The Gas Act 1965 (c. 36) and the Gas (Borrowing Powers) Act 1965 (c. 60) increased the council's borrowing powers to £1,200 million; it was also allowed to manufacture or acquire gas and supply gas in bulk to Area Boards. The new powers allowed it to enter joint ventures with Amoco on parts of the Leman and Indefatigable gas fields.

The Gas Advisory Council was established in 1965 to allow workers and management and trade unions to discuss national objectives.

The Gas Council chairman Sir Henry Jones announced in 1966 that Britain would convert from manufactured to natural gas and formed a Conversion Executive.  A Gas Conversion Association was also established to represent the interests of contractors.

A contract was made with BP in 1967 to purchase natural gas from the West Sole Field. This was to be 50 million cubic feet per day for 15 years. The Gas Council offered 2.5d. to 4d. per therm whereas BP proposed 6d. to 7d. a therm. After an intervention from the minister a figure of 5d. was agreed. Soon after 25-year contracts were made with Phillips, Shell/Esso and Gas Council/Amoco for gas from fields (Hewett, Leman and Indefatigable) feeding the Bacton terminal in Norfolk. At both Easington, where gas from West Sole landed, and at Bacton the council built terminals to receive cleaned gas which was then metered; blended; had odorant added; and had the flow controlled. The Gas Council built a network of 36-inch diameter pipelines to transmit the gas, which was to become the National Transmission System.

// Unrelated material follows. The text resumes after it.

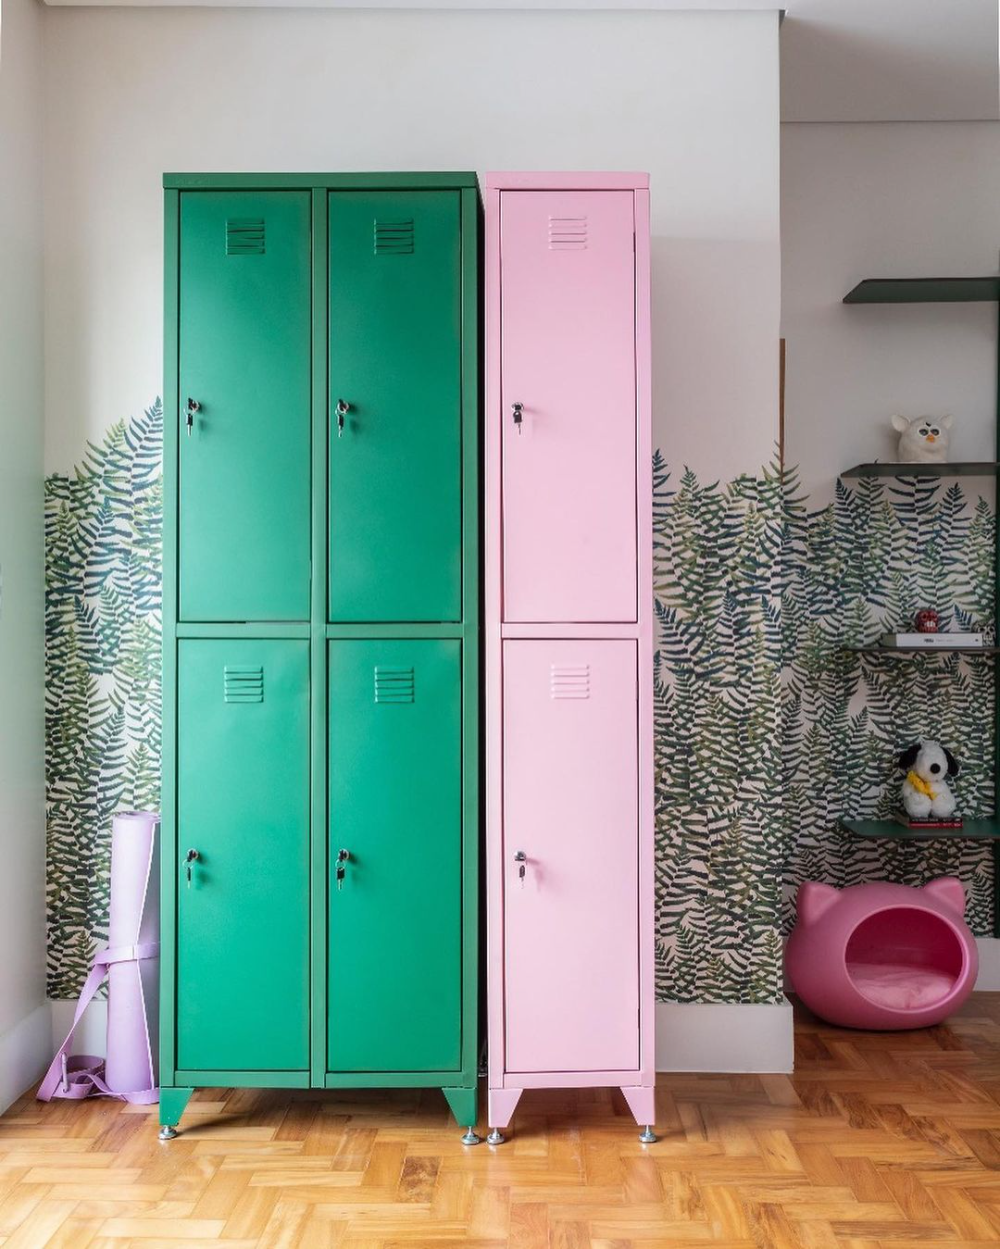 ambiente com lockers de aço verde e rosa e parede com desenho de folhagem

In 1968 a major restructuring of the Gas Council was undertaken, driven by the advent of natural gas and the need to plan nationally. The area boards which had been accountable directly to the minister, now had their activities channelled though the council. A central marketing office was established for selling gas to large industrial customers, the director sat on the Gas Council board. As well as Marketing there were divisions for Economic Planning, Production and Supply; Research and Development and Personnel, whose directors were on the board. The deputy chairman Arthur Hetherington became the chief executive.

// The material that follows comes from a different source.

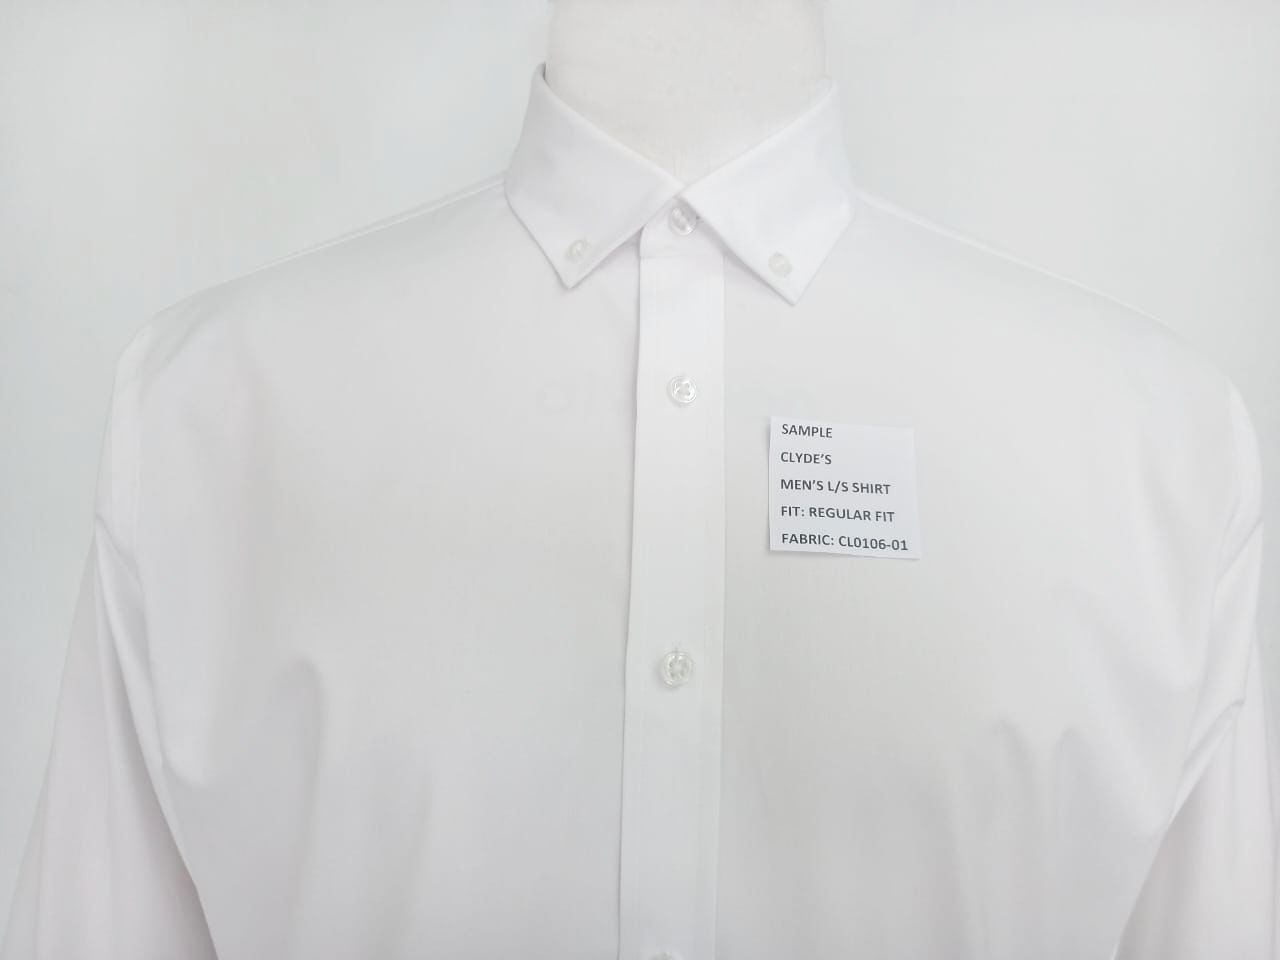 Men’s Classic White Shirt for Clyde's Restaurant Group

The Gas Council/Amoco group discovered oil in Block 22/18 of the North Sea in 1971, in what were to be named the Arbroath and Montrose oil fields.

=== Publications ===
The Gas Council published a range of material to meet statutory obligations and to inform commercial and domestic consumers. These included:

- Annual Report and Accounts (1950 to 1972)
- D. Chandler and A. D. Lacey (The Gas Council), The Rise of the Gas Industry in Britain 1949
- Mr. Therm Goes Country 160 Famous County Recipes 1951
- Gas in your home 1952
- Coke-Fired Crop Drying Plant 1958
- Coke Burning Appliances Handbook 1959
- Food Leaflet 'Jam Making & Fruit Bottling 1960
- The Gas Council's Catering Handbook 1960
- F. J. Dent, Principles of new gas making processes, 1965
- The Underground Storage of Gas, 1965
- Natural Gas from the Sahara, 1965
- Natural gas from the North Sea 1967
- Britain's natural gas 1972

== Abolition ==
In 1969 the government recognised that to fully exploit the benefits of North Sea Gas a radical reorganisation of the industry was needed with increased power to the centre. A bill to realise these changes was introduced in Parliament by the Labour government in November 1969. However, this bill failed as Parliament was dissolved for the 1970 general election. The Conservative government introduced a new bill in 1972 to put full responsibility for the gas industry into a new statutory body, the British Gas Corporation. The Gas Act 1972 (c. 60) received royal assent on 9 August 1972 and came into force on 1 January 1973. The Gas Council was thereby abolished.